▶ **DATA BELOW**

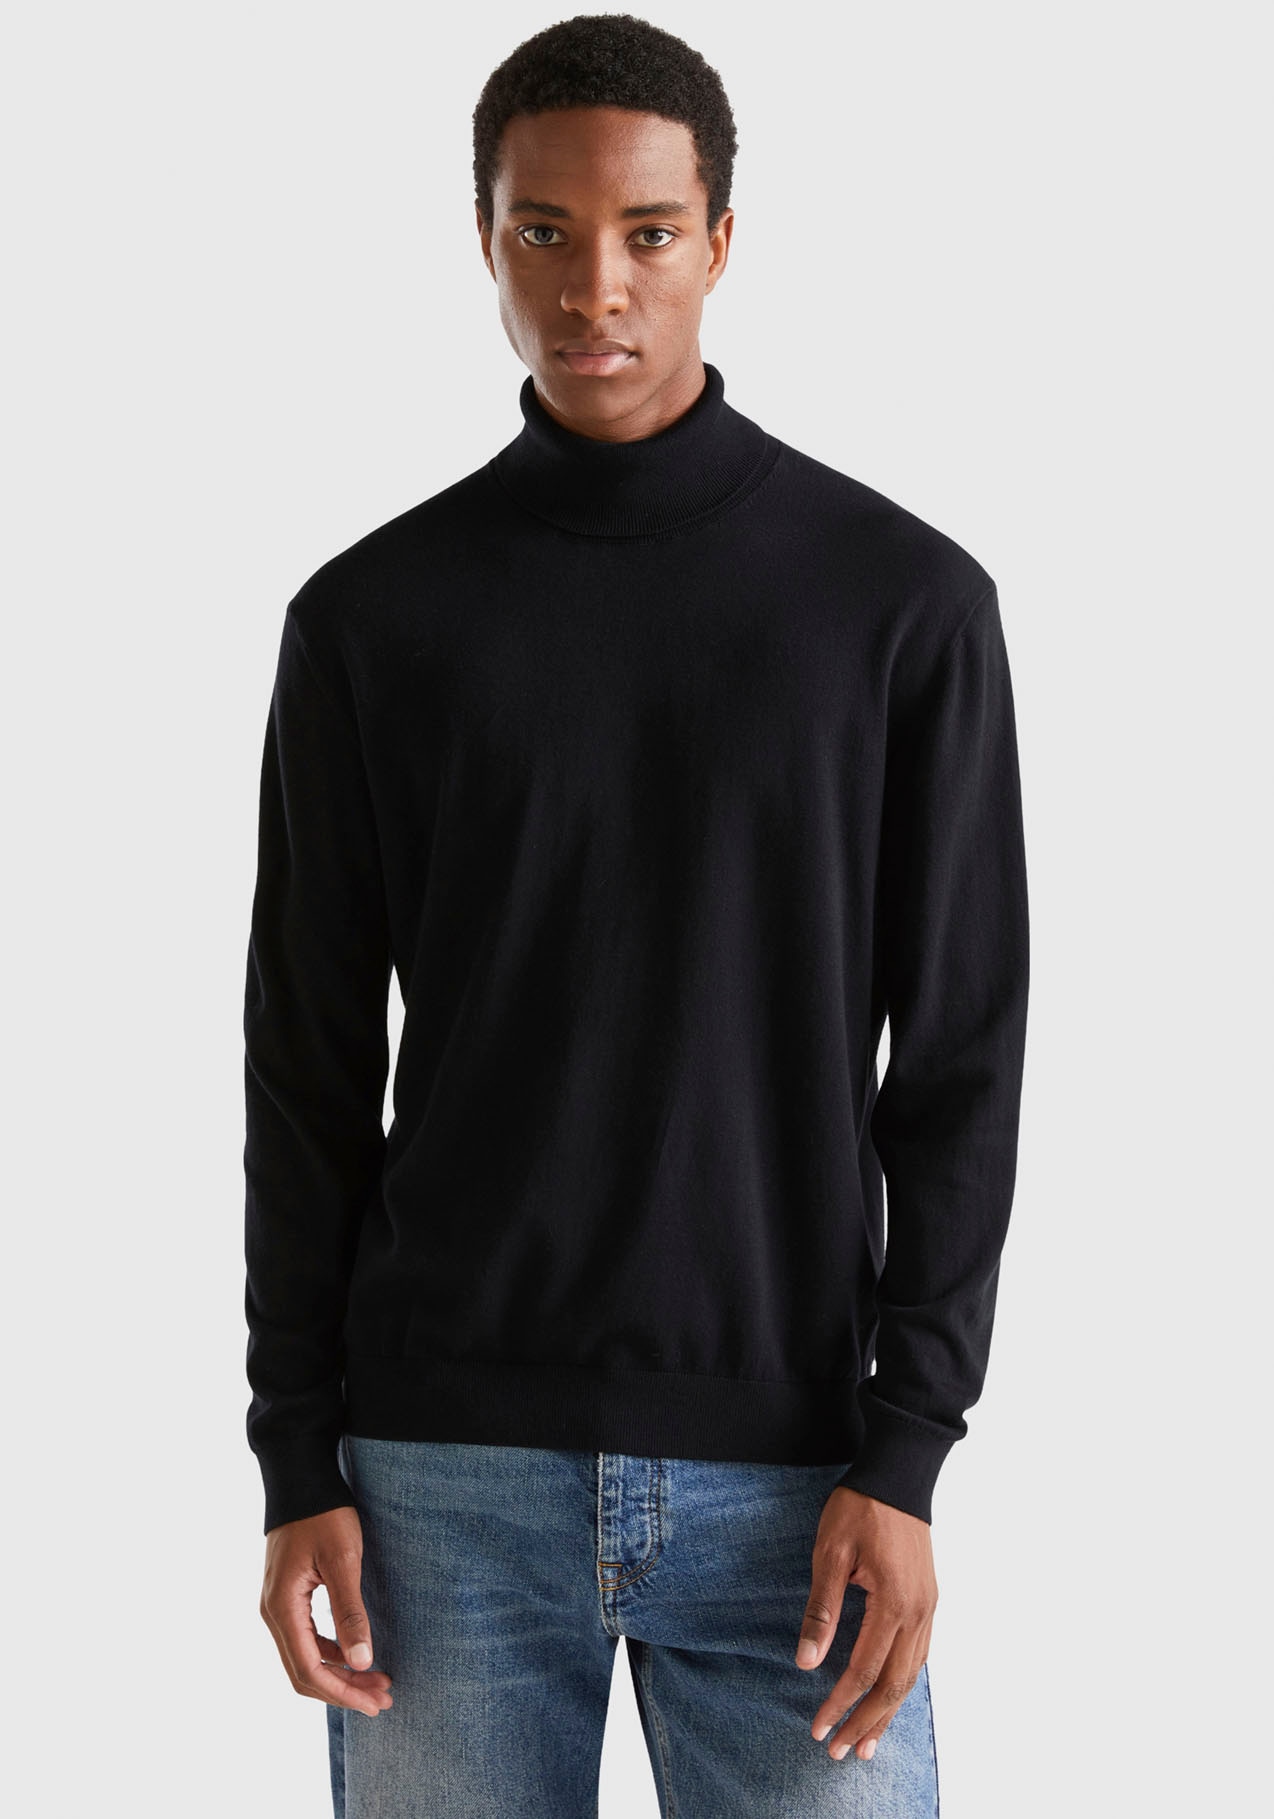 Pullover kaufen ohne ➤ - Mindestbestellwert versandkostenfrei
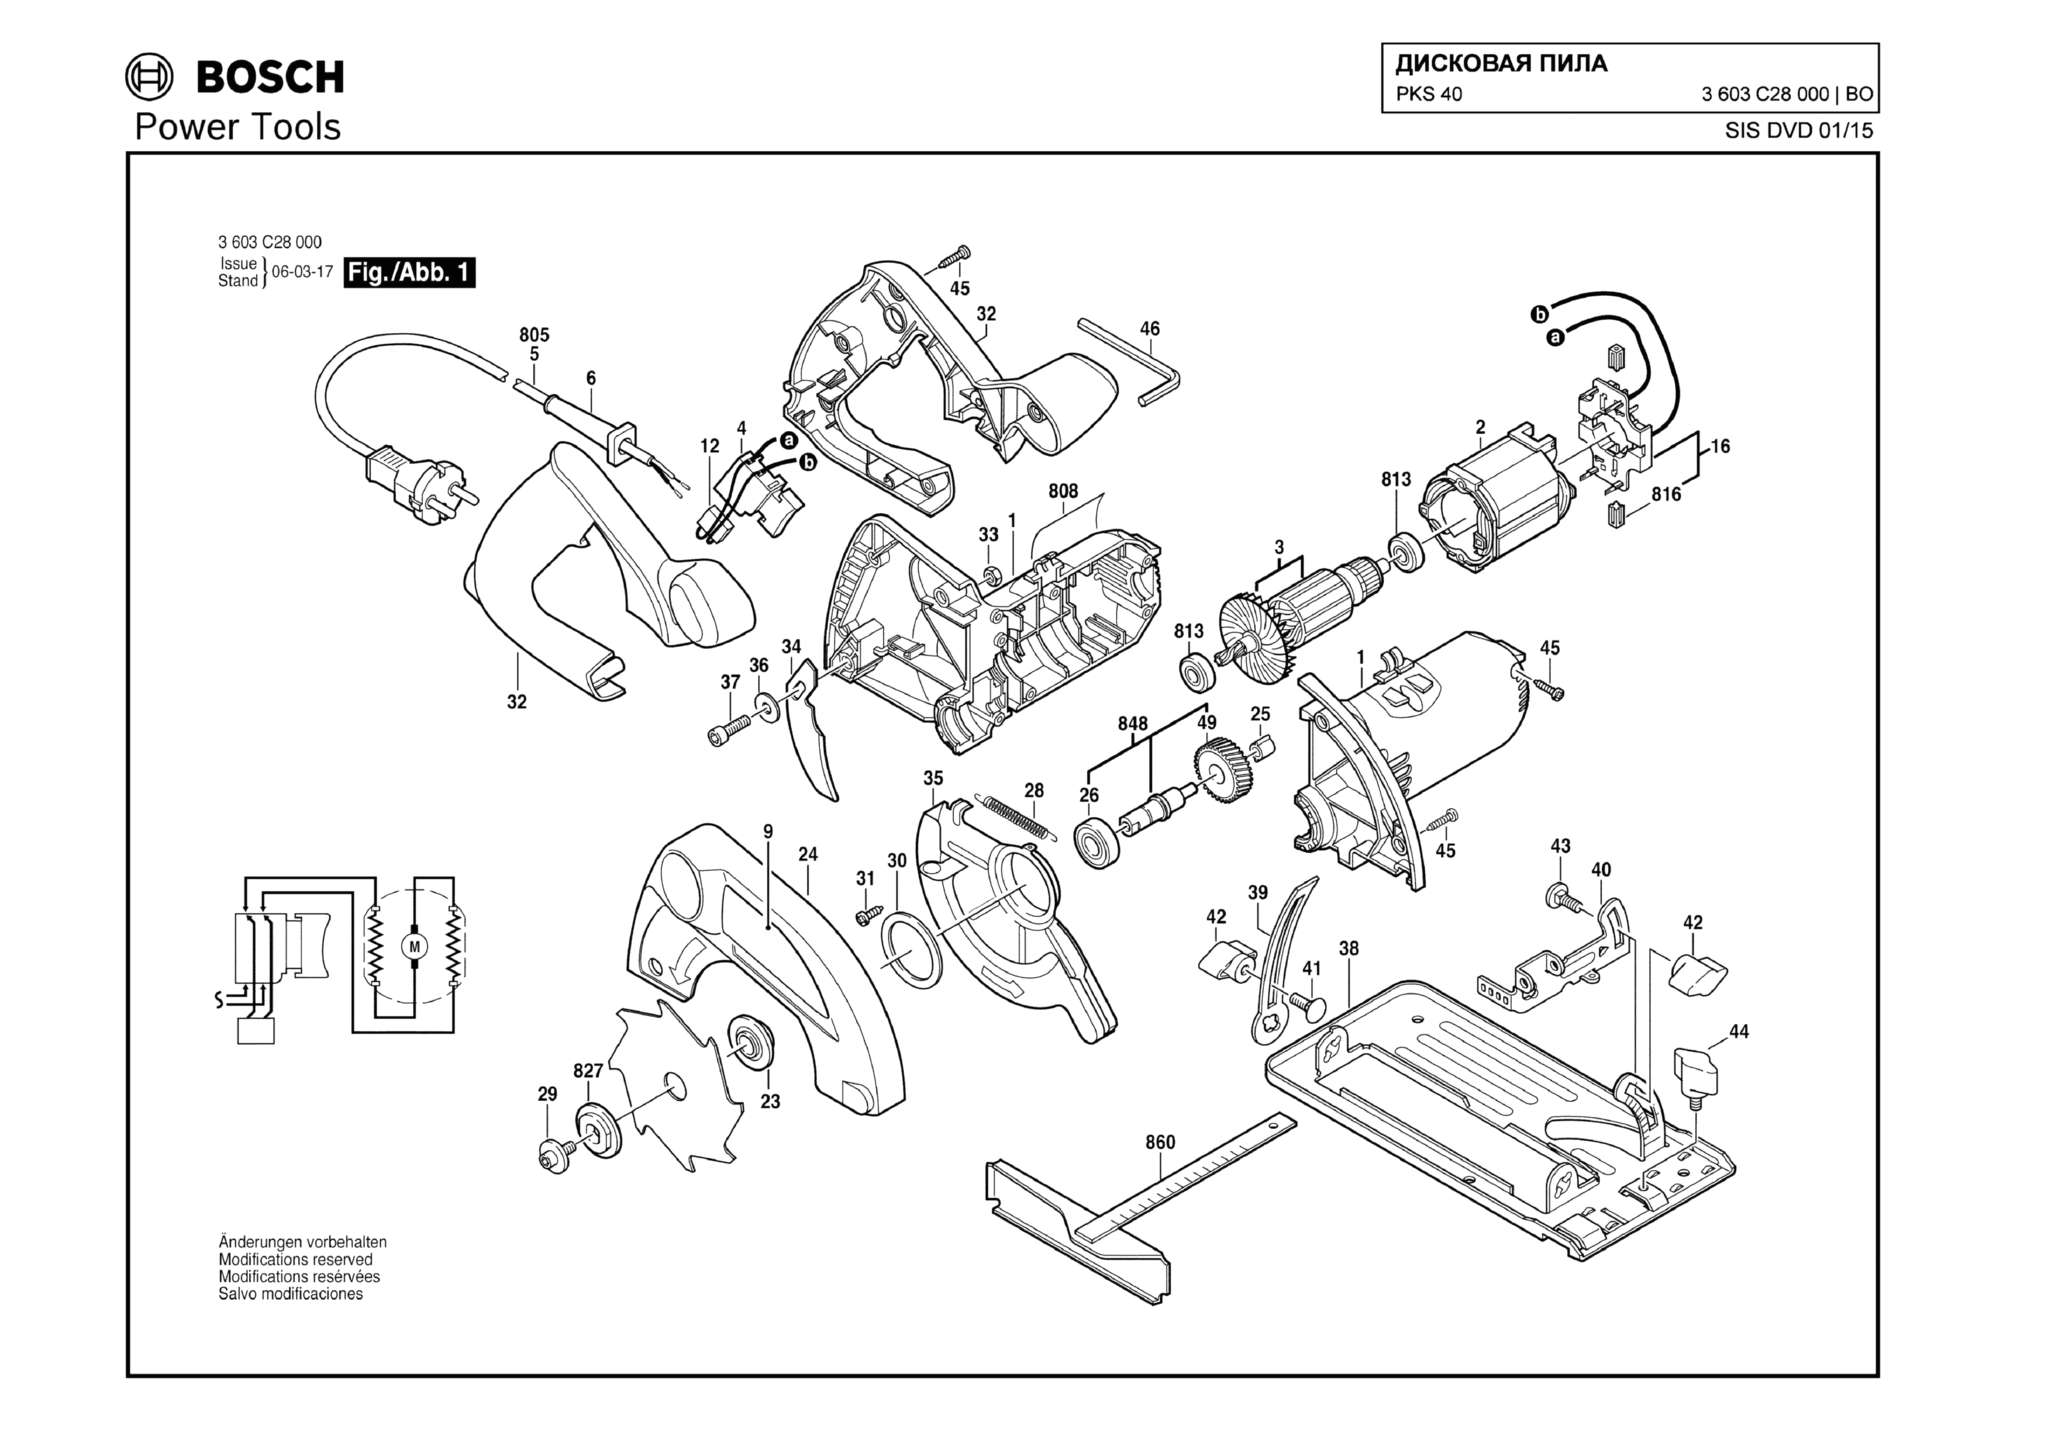 Запчасти, схема и деталировка Bosch PKS 40 (ТИП 3603C28000)
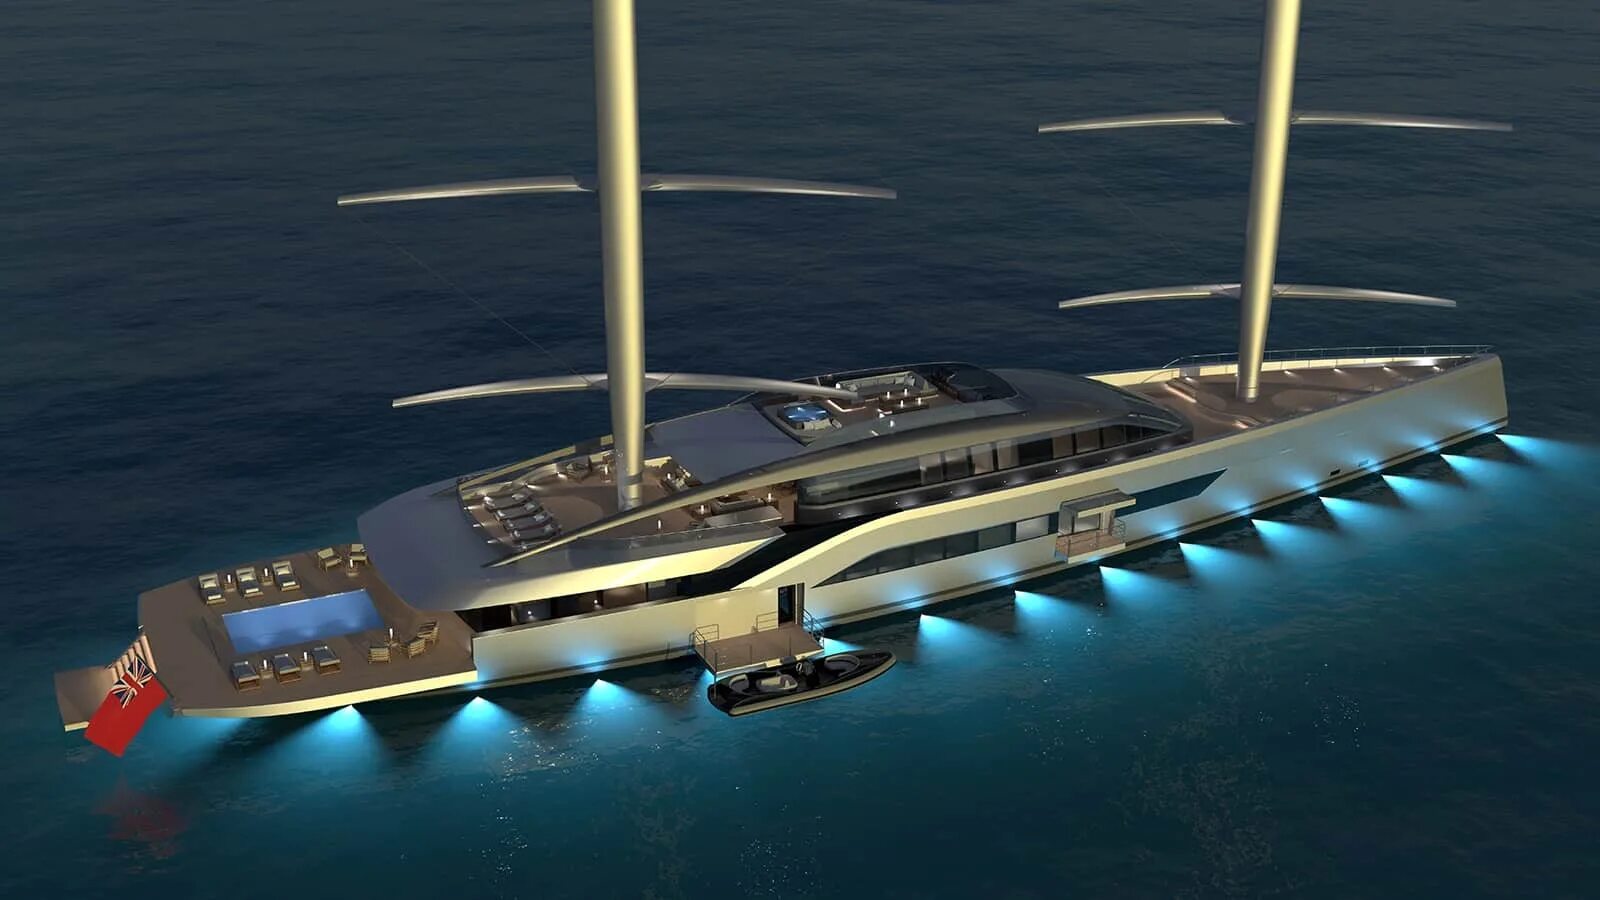 DYNARIG яхта. Концепт 150-метровой мегаяхты. Концепт яхты Hybrid 2021 Motor Yacht Concept от голландцев. Perini Navi 335 футов (102 м) Falcon Rig Superyacht. Гибрид саней и яхты 4

▶ **WHAT IS EXPECTED**
Reproduce the listing exactly. Do not include its images.

▶ **EXERCISE OUTPUT**
 Pullover kaufen ohne ➤ - Mindestbestellwert versandkostenfrei
 Запчасти, схема и деталировка Bosch PKS 40 (ТИП 3603C28000)
 DYNARIG яхта. Концепт 150-метровой мегаяхты. Концепт яхты Hybrid 2021 Motor Yacht Concept от голландцев. Perini Navi 335 футов (102 м) Falcon Rig Superyacht. Гибрид саней и яхты 4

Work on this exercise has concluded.